Tuesday, January 27, 2009

The most horrible thing....

Dear fellow bloggers...my heart is in a million different pieces right now. Some of you have seen on facebook that I am now single....to save myself from telling the story over and over again let me get it out in the open to clear any confusion. I debated about blogging about this tradedy as it is very personal and so devastating, but I hope somewhere and somehow it will help SOMEONE out there. I don't know where to begin....on Saturday Sini told me he was thinking of breaking up, on Sunday he officially called off the wedding....I won't go into details b/c it's too much to bear. I love Sini with all of my heart, and the thought of us not being together forever sends me into the depths of despair (that's the only way I know how to describe it).
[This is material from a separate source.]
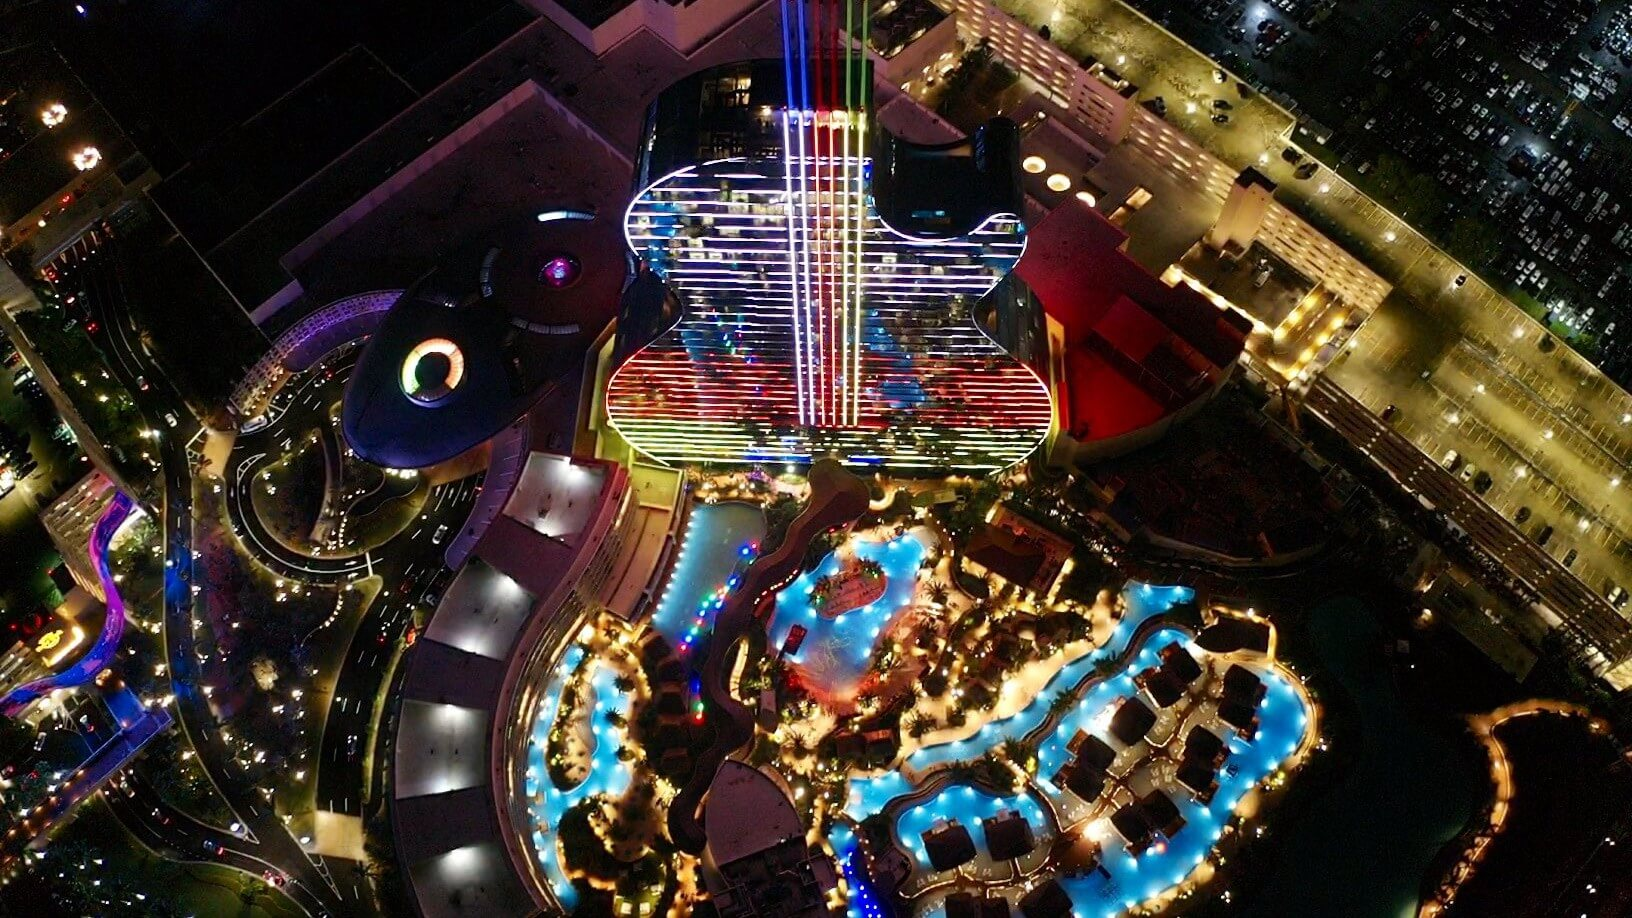 LIGHTS NEW HOTEL HARD ROCK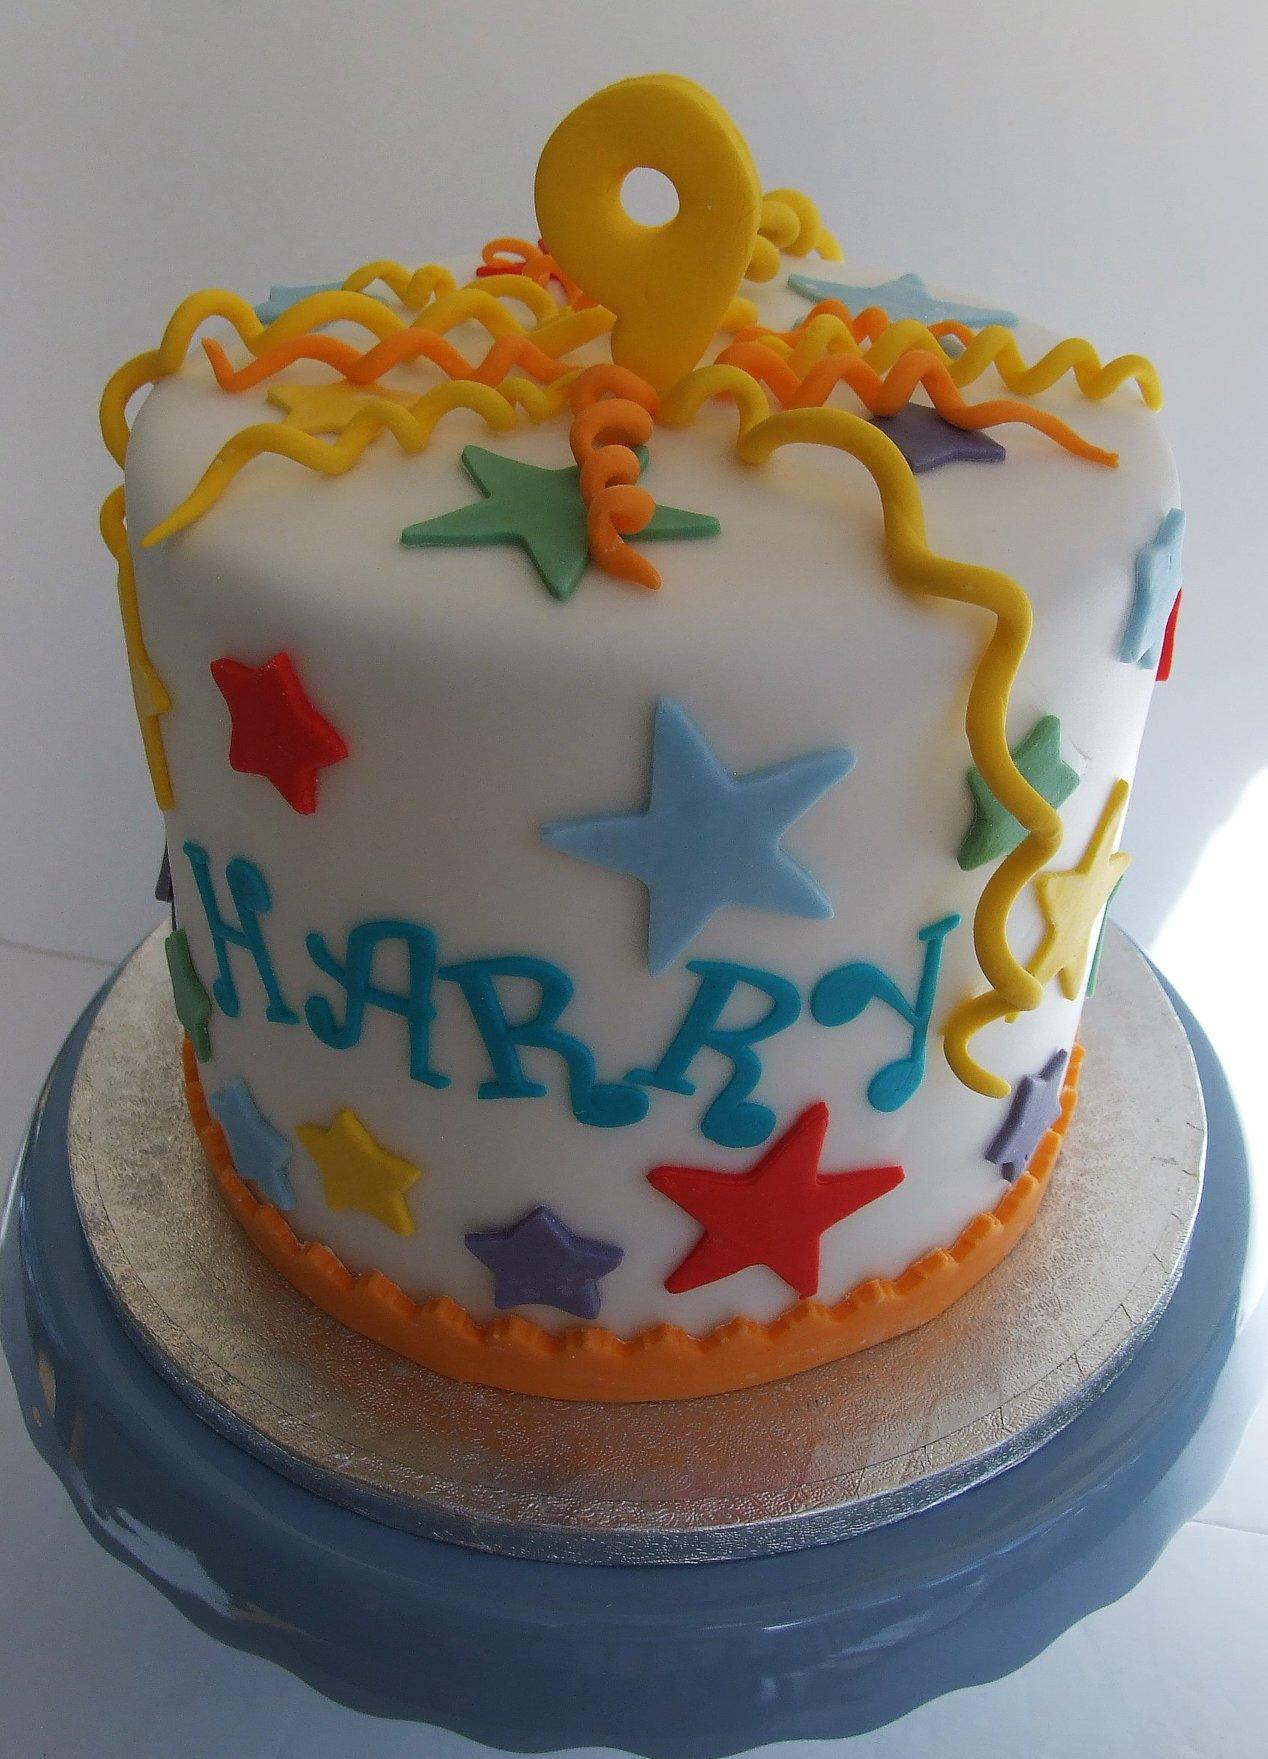 Traditional Birthday Cake Royal Icing Simply Delish

This is by far the hardest thing I've ever had to endure in my whole entire life. I would never wish this feeling upon my worst enemy. I feel like this is worth than LOSING a loved one...being embarassed, getting a flat tire, being ugly, going to yoga...etc..etc. It came from nowhere I am completely blindsided. I have to say (this may be really cheesey to some people).....I could have gone one of two ways...I could have rejected this whole ordeal and fallen to the ways of the world, however I am trying VERY VERY VERY hard to stay as close to the Lord as I possibly can. The feelings and emotions that one bears through trials like these can't be lifted by anyone, but I believe that the Lord has the power to comfort me and guide me (or at least I hope that is the case). I honestly don't know what to do and will take any suggestions offered. Seeing as Sini and I are not together anymore my blog "sinilyn.blogspot.com" will have to change....please make sure we keep in touch if along the process of changing my blog I lose some of you. I really appreciate every single one of you in my life....

Friday, January 23, 2009

Put a ring on it!

*starts singing* all the single ladies...all the single ladies...all the single ladies...all the single ladies...now put yo' hands up! Sorry girls I just can't get that (Beyonce) song outta my head! And the video....UGH! I wanna be Beyonce Knowles! Not really but it sounds cool. Ok *deep breath* well....we can all rest assure...LOST has started. I have no problem admitting I am a LOST junkie, however this is NOT what my post is about...I just wanted to throw that out there for all the LOST fans...and any potential LOST buddies.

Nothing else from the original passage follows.